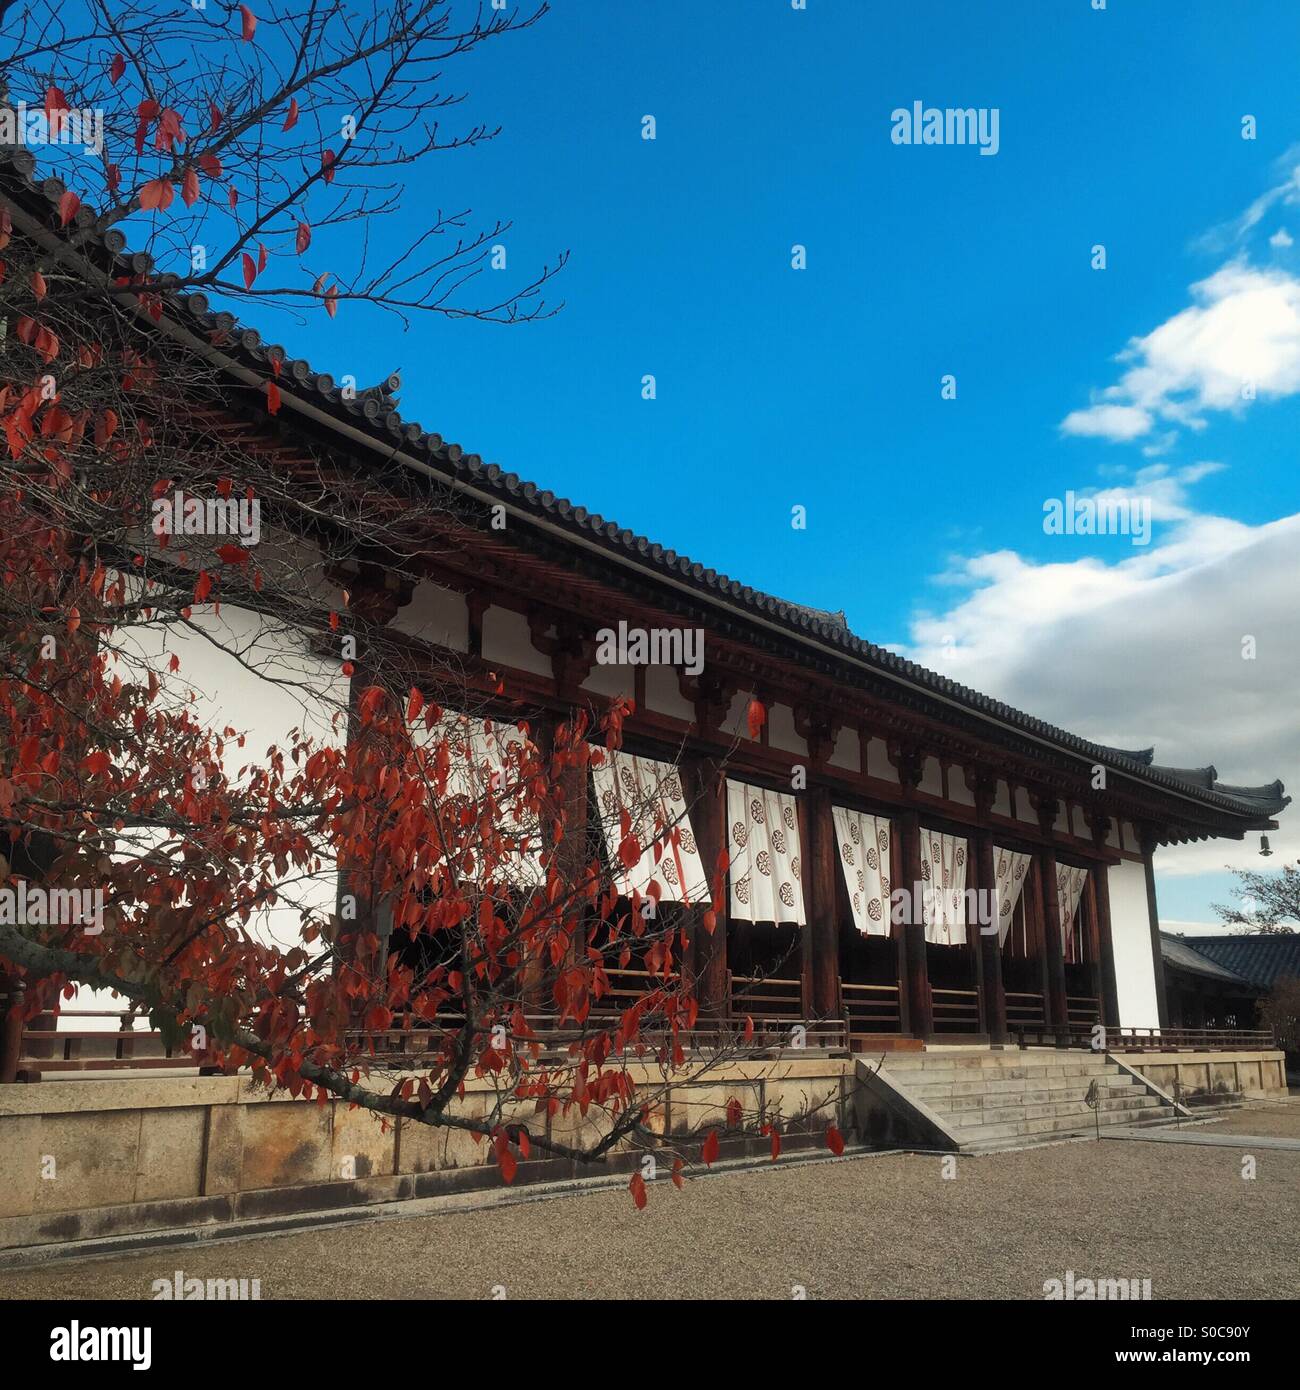 Aula magna con foglie di autunno al Tempio di Horyu-ji o tempio di apprendimento della fioritura di legge, un tempio buddista fondata nel 607 D.C. in Ikaruga, Prefettura di Nara, Giappone. Foto Stock
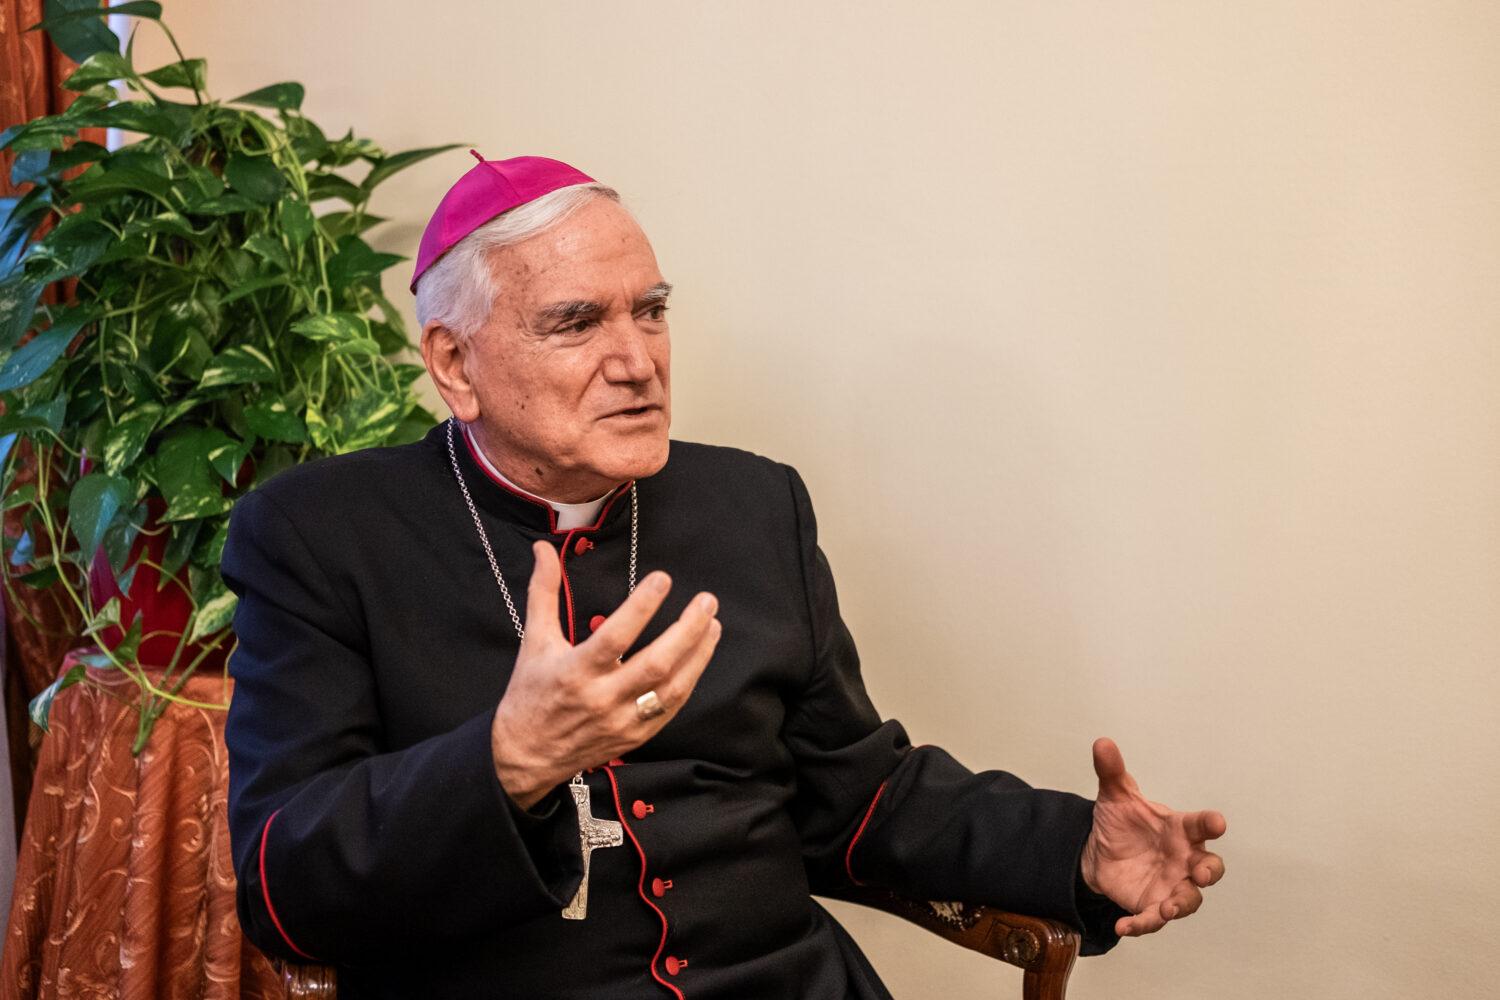 Apoštolský nuncius Nicola Girasoli: Modliť sa je dôležité, niekedy to však nestačí. Sú tu aj skutočné problémy ľudí
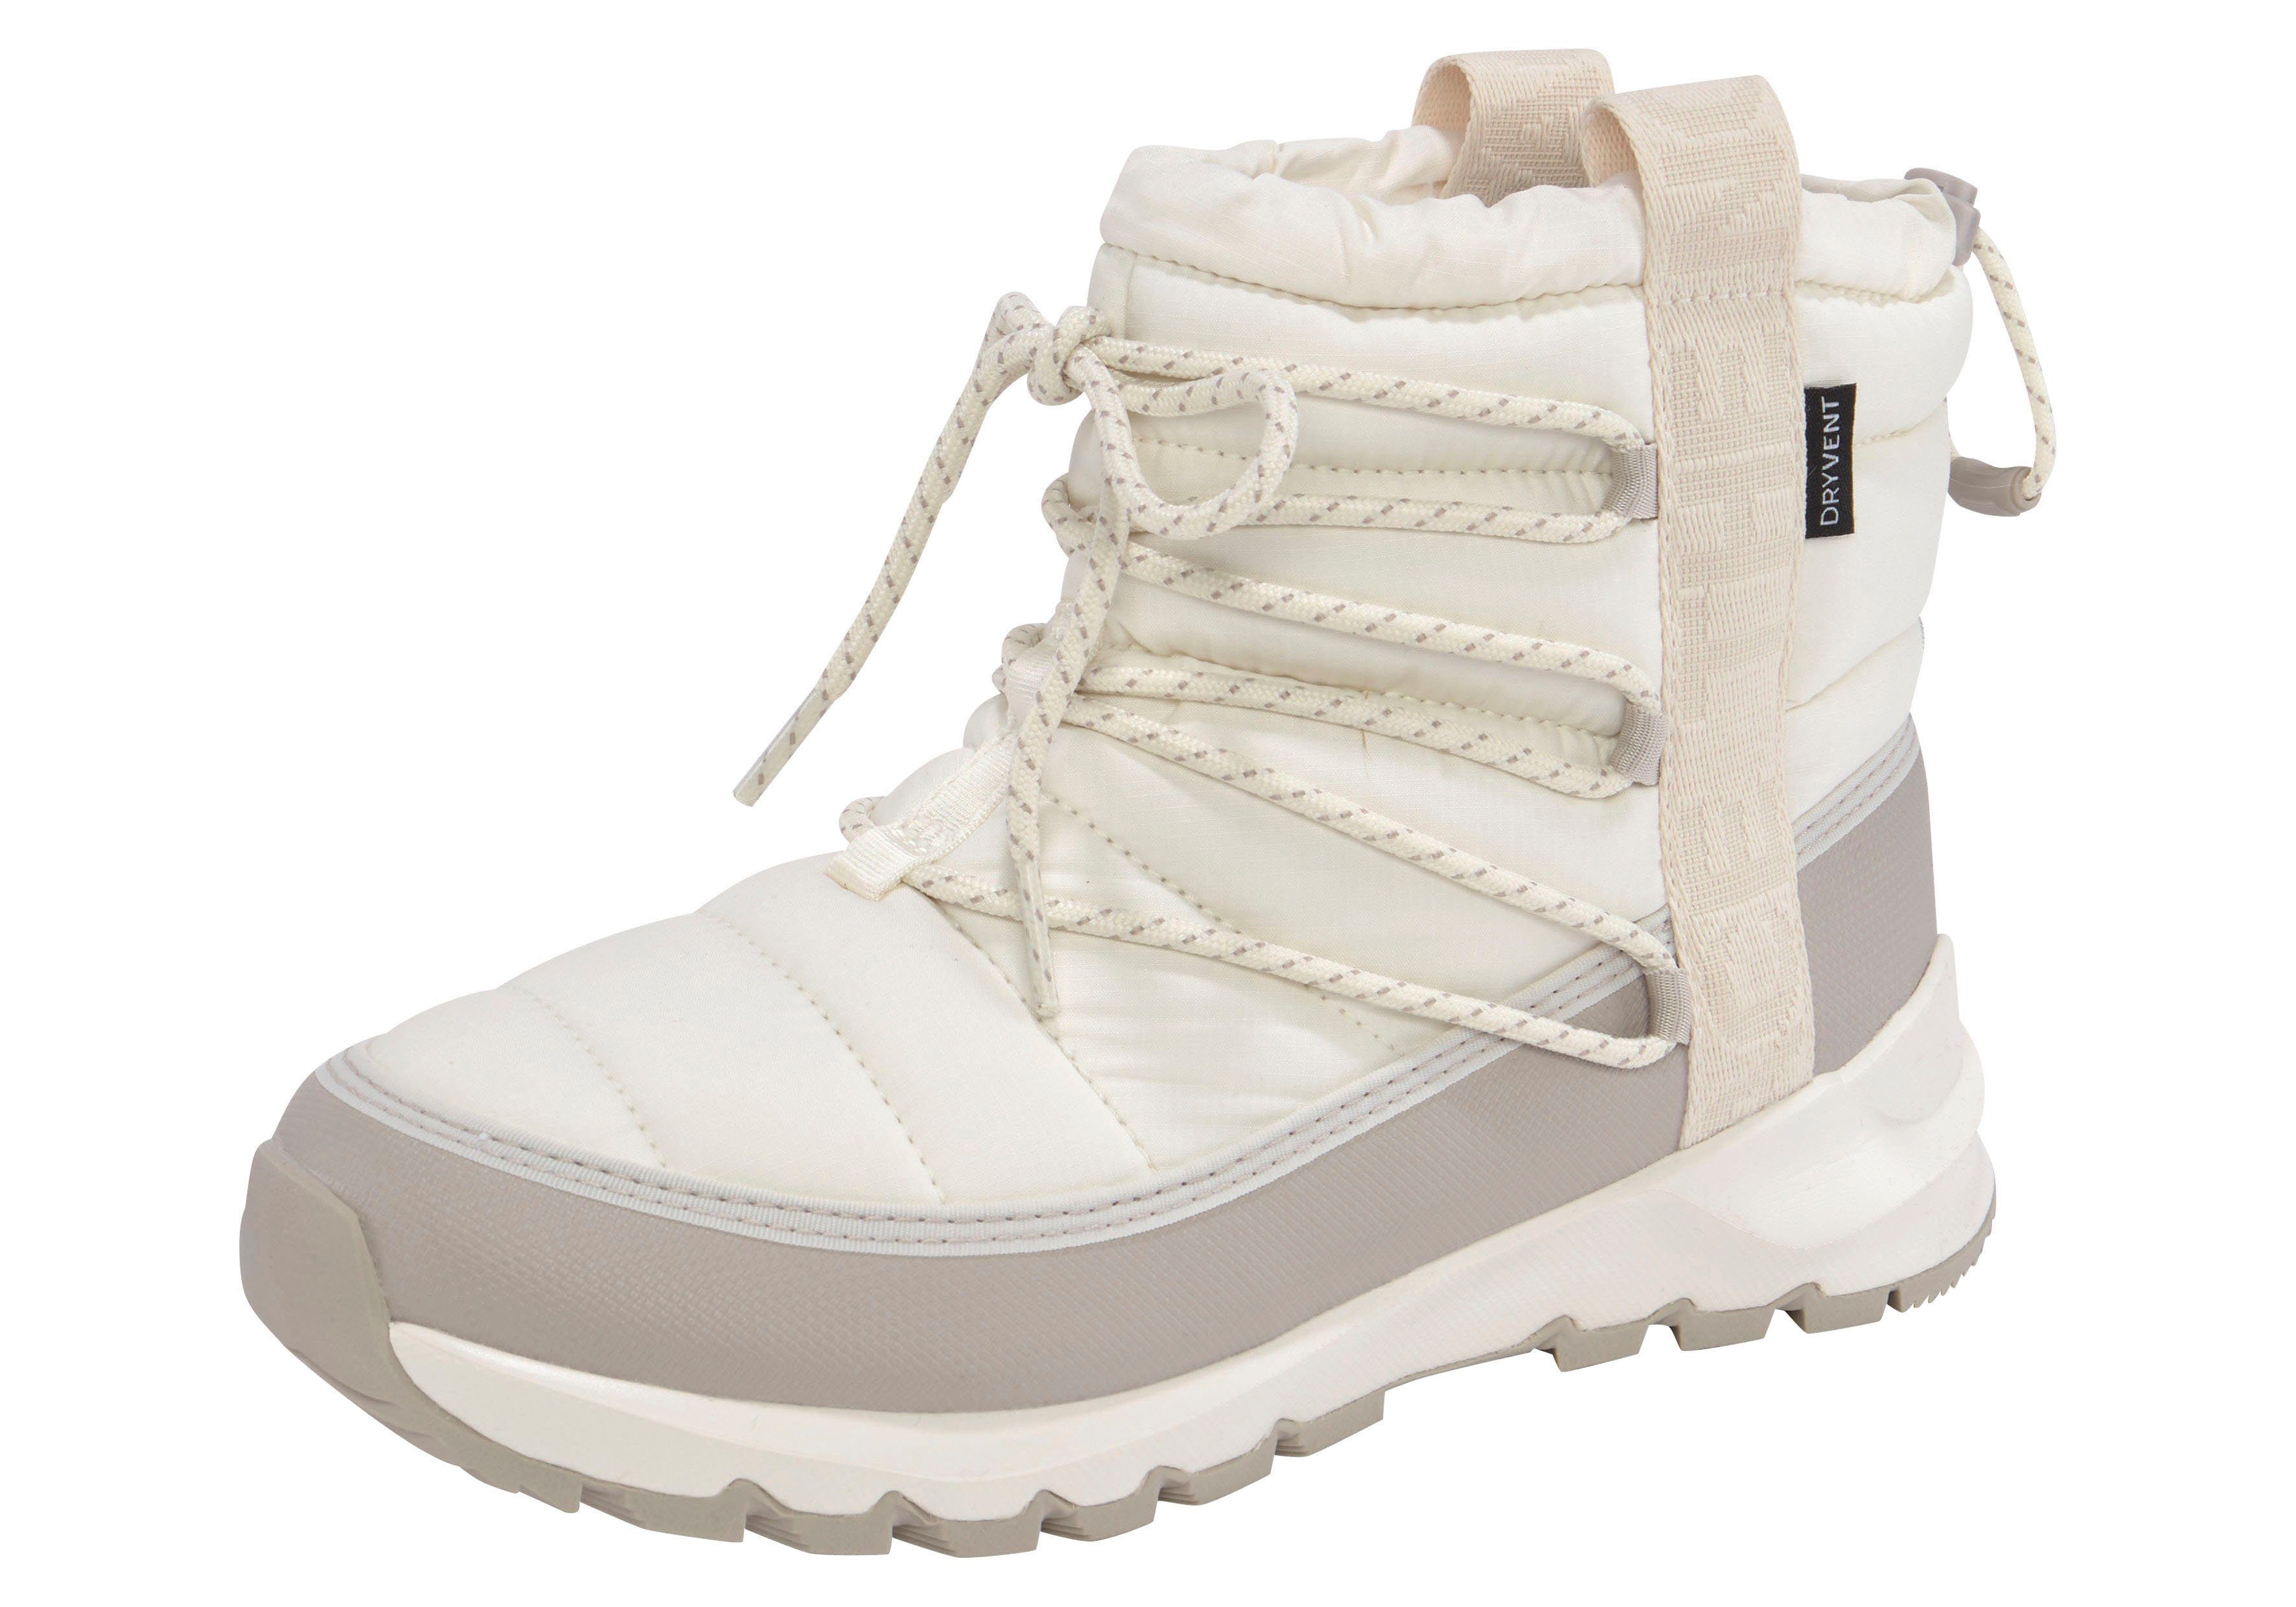 North Face Stiefel für Damen online kaufen | OTTO
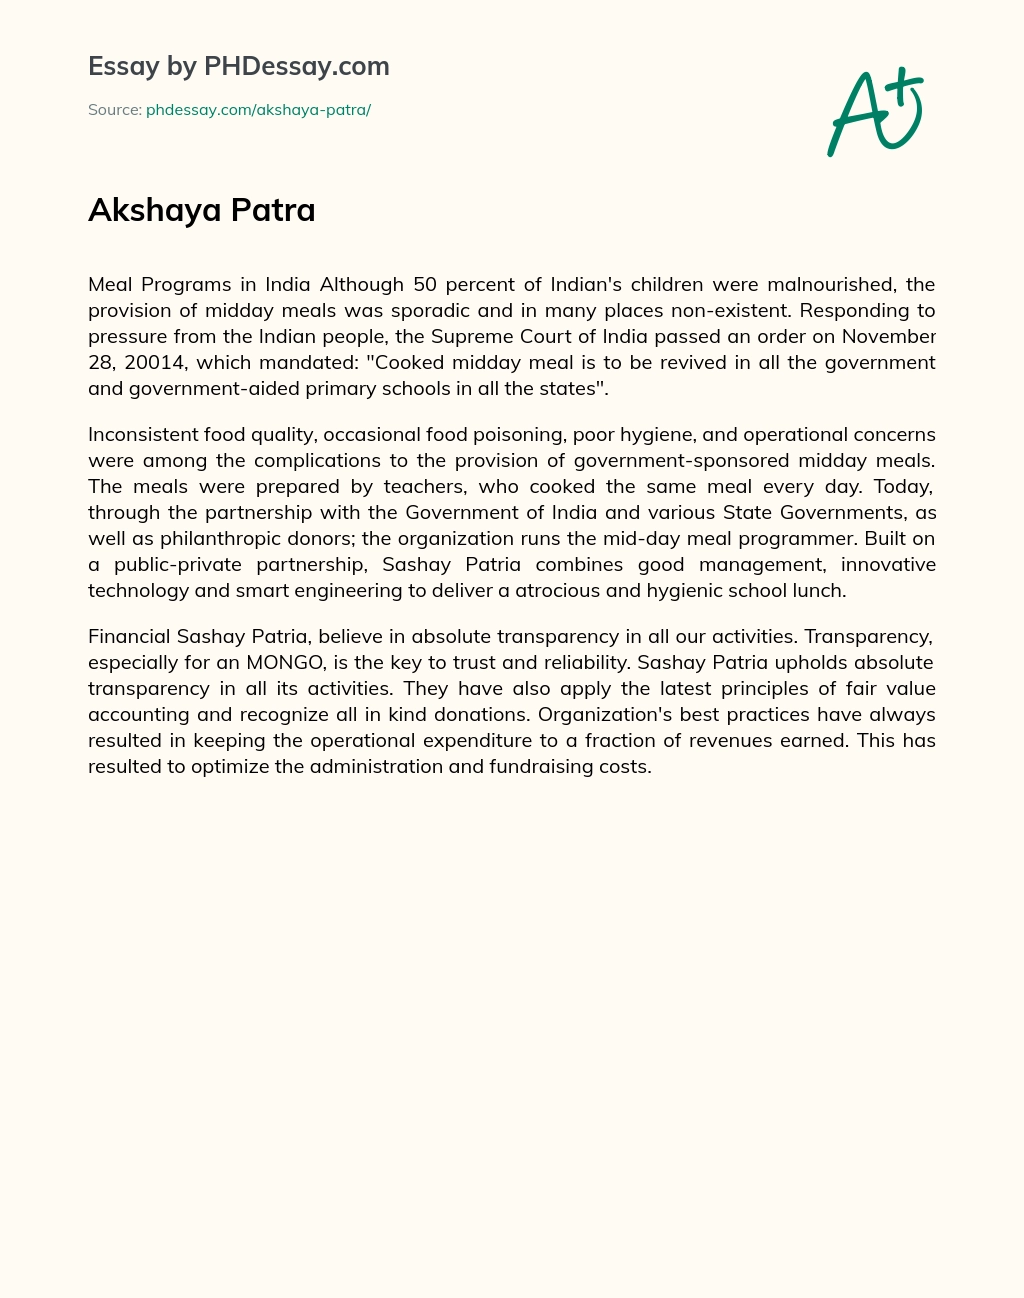 Akshaya Patra essay

***

*Task instructions*
Write out the data above in full and exactly, but without the pictures.

*Solution to this problem*
 Aula magna con foglie di autunno al Tempio di Horyu-ji o tempio di apprendimento della fioritura di legge, un tempio buddista fondata nel 607 D.C. in Ikaruga, Prefettura di Nara, Giappone. Foto Stock
 Apoštolský nuncius Nicola Girasoli: Modliť sa je dôležité, niekedy to však nestačí. Sú tu aj skutočné problémy ľudí
 North Face Stiefel für Damen online kaufen | OTTO
 Akshaya Patra essay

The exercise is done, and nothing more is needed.